1. Give Yourself Permission to Feel
Many people feel the need to suppress their emotions during the holidays to make it seem as though everything is fine. However, this can do more harm than good. Instead of pretending to be fine, allow yourself to feel the full range of your emotions. It’s not wrong to grieve and it’s especially important to release these emotions during the holidays. That being said, if you feel happy during the holidays, don’t allow guilt to come in the way. Feeling joyful during the holidays doesn’t mean that you are disrespecting your loved one.
2. Give Yourself Permission to Leave the Celebration
Although you shouldn’t isolate yourself and avoid celebrating the holidays, you should give yourself permission to leave any holiday events if you begin to feel overwhelmed. Make sure that you travel with others or on your own so that you will be able to leave in the event that you aren’t able to deal with the flood of emotions. If you can handle it, then that’s great. If you can’t handle it, that’s perfectly fine as well and you should congratulate yourself for trying to get out there and celebrate the holiday with others.
3. Change the Way That You Celebrate
When you lose someone, it can completely change the way that you feel about your holiday traditions. There might have been an important position that your loved one held in a holiday tradition that is now vacant. If you feel as though the way you celebrated the holidays brings you too much pain and sorrow now, it is okay to create a new tradition. Some ideas that you could incorporate into your new tradition include hosting a dinner for your loved one or creating a photo album that you can look at during the holidays.
4. Surround Yourself With Supportive Loved Ones
As stated in the second tip, it’s important that you prevent yourself from isolating during the grieving process.

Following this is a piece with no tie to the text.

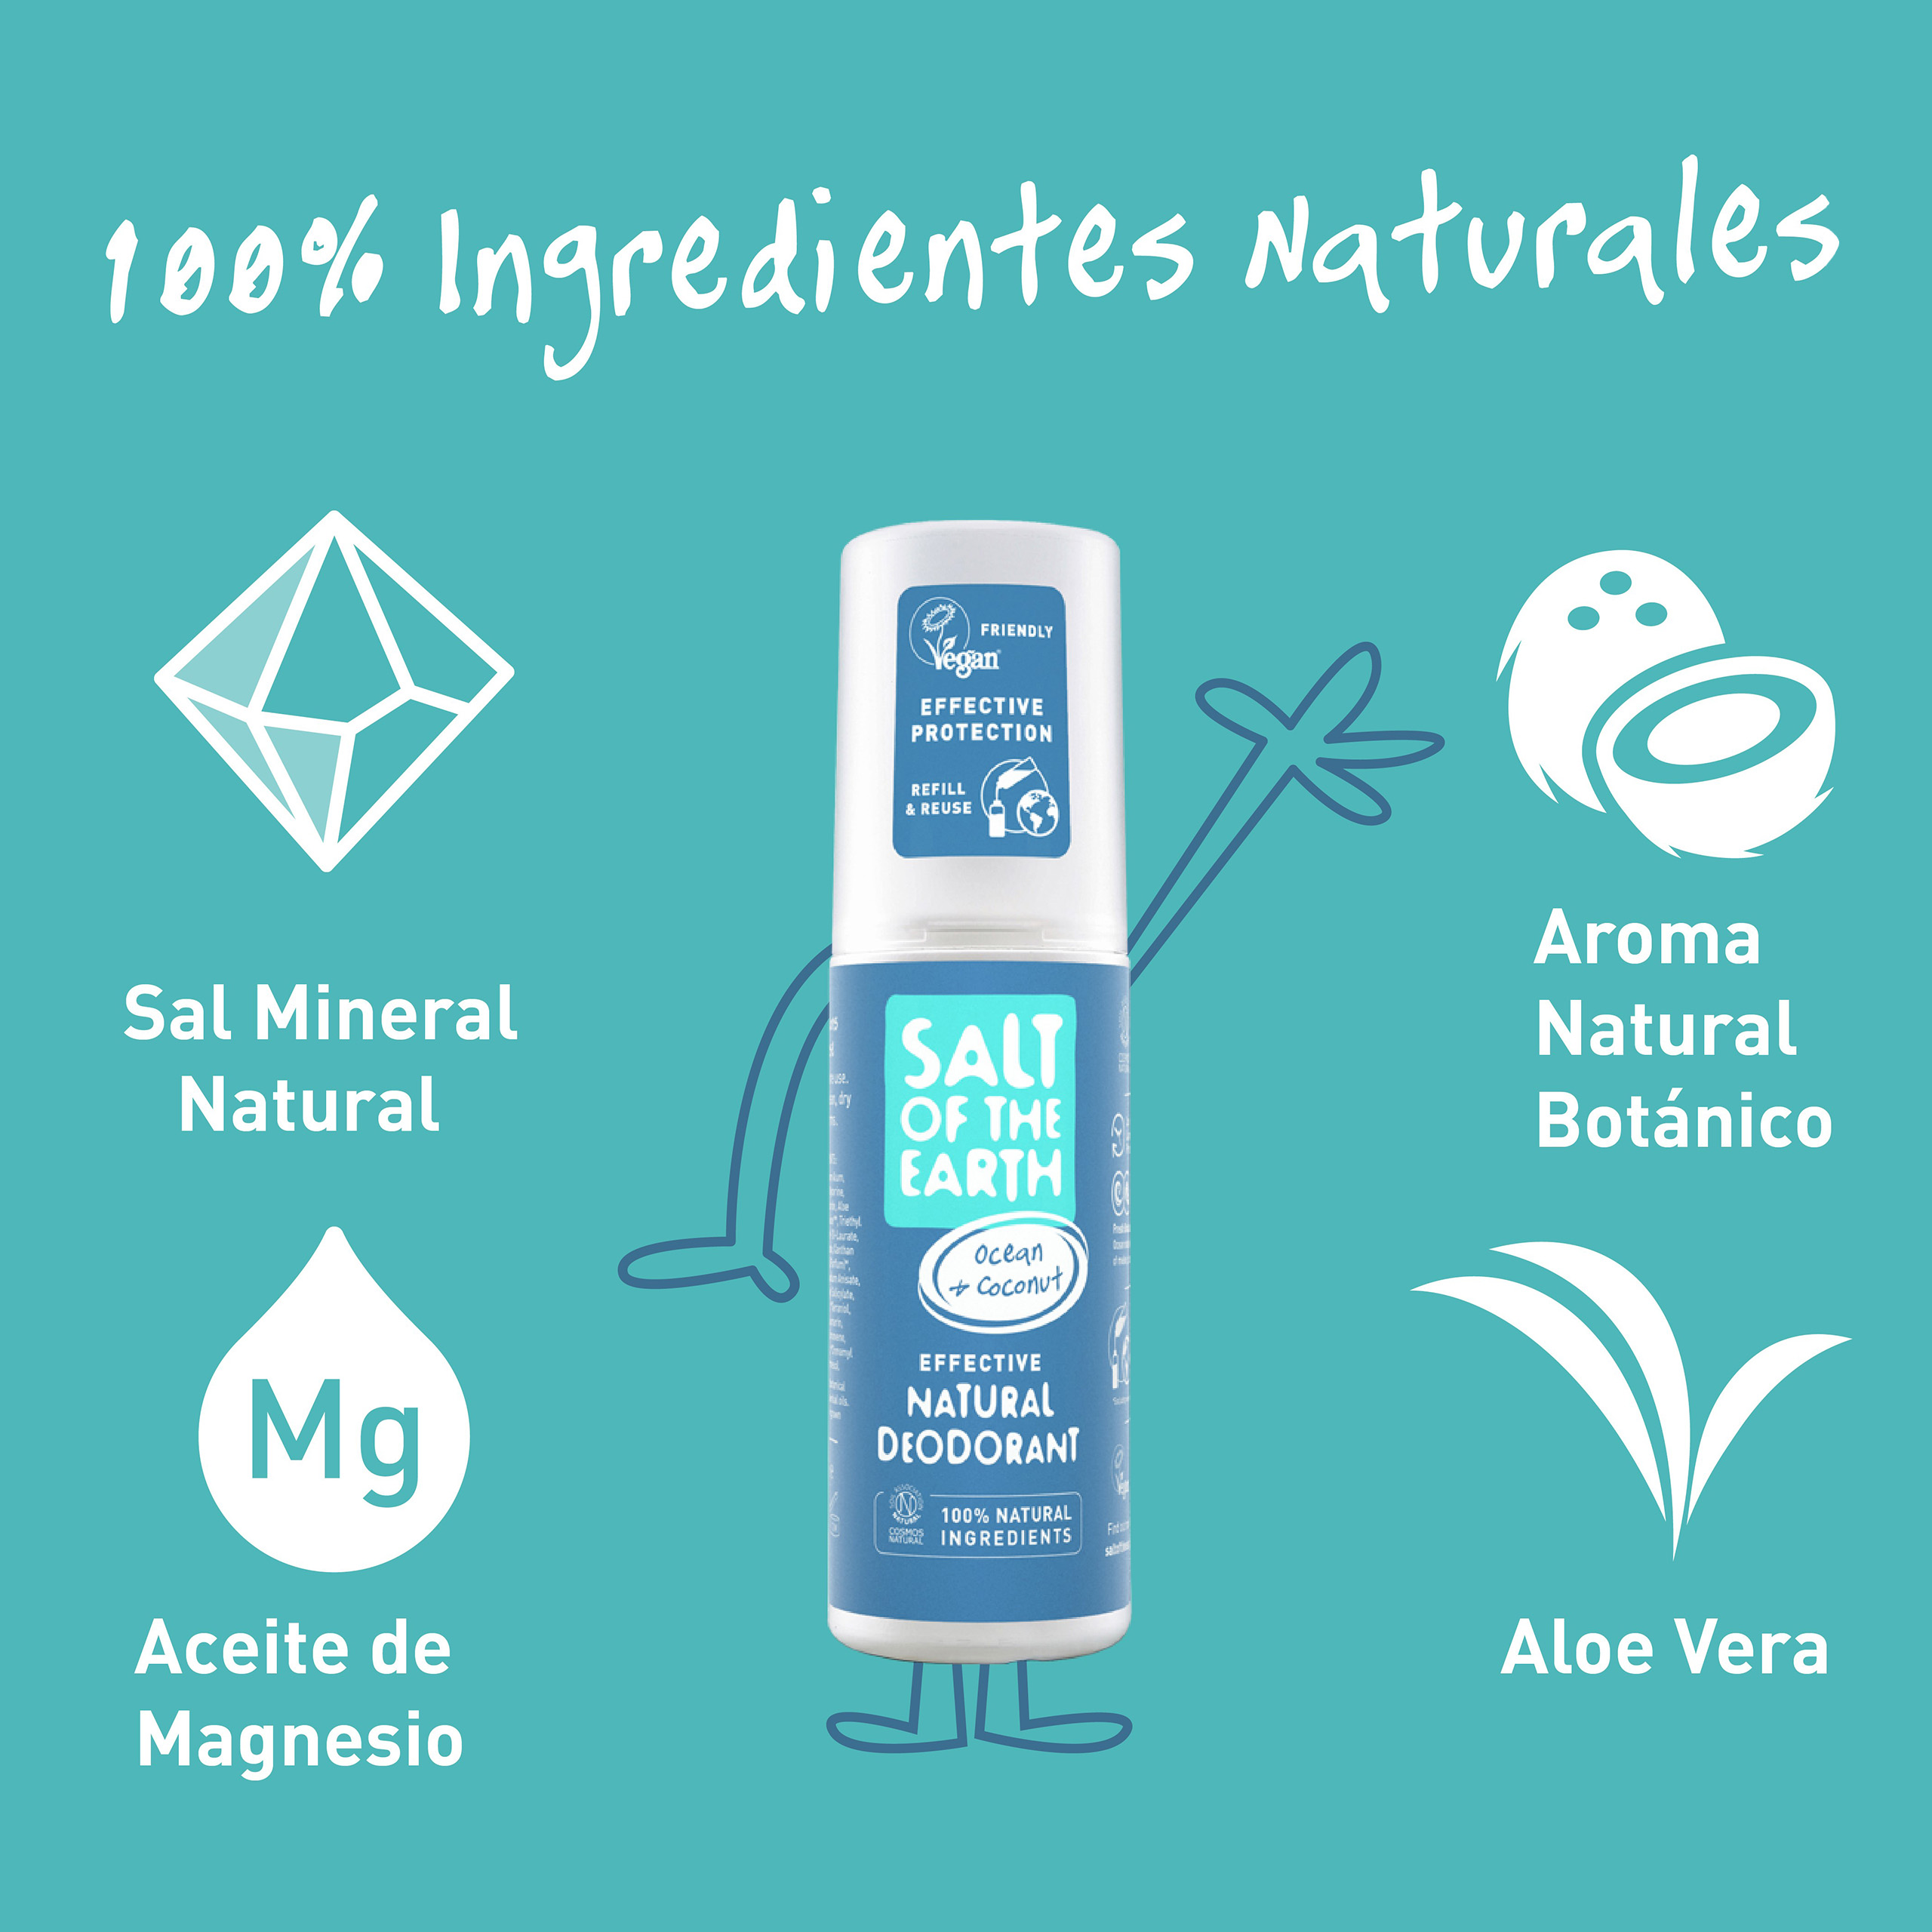 Ingredientes naturales

Find some people that you love who are supportive of you and surround yourself with them during the holidays. It doesn’t have to be a large group of people. A few people who will listen and comfort you when you begin to feel sad are sufficient enough.
Volunteering is a great way to spend your time if you feel as though you aren’t able to participate during the holiday season. It will allow you to find joy in others and ignite some happiness in yourself. If you wish to volunteer during the holidays, you will most likely find volunteer positions at a nursing home or a soup kitchen. If you feel as though it would be too difficult to go anywhere or if there are no opportunities in your immediate area, you could volunteer online as well.
Holidays can be difficult for those who are grieving, but it doesn’t have to dominate their entire day. If you find that you have a difficult time coping with your loss when the holidays roll around, use the tips above to reclaim your day and push through the pain.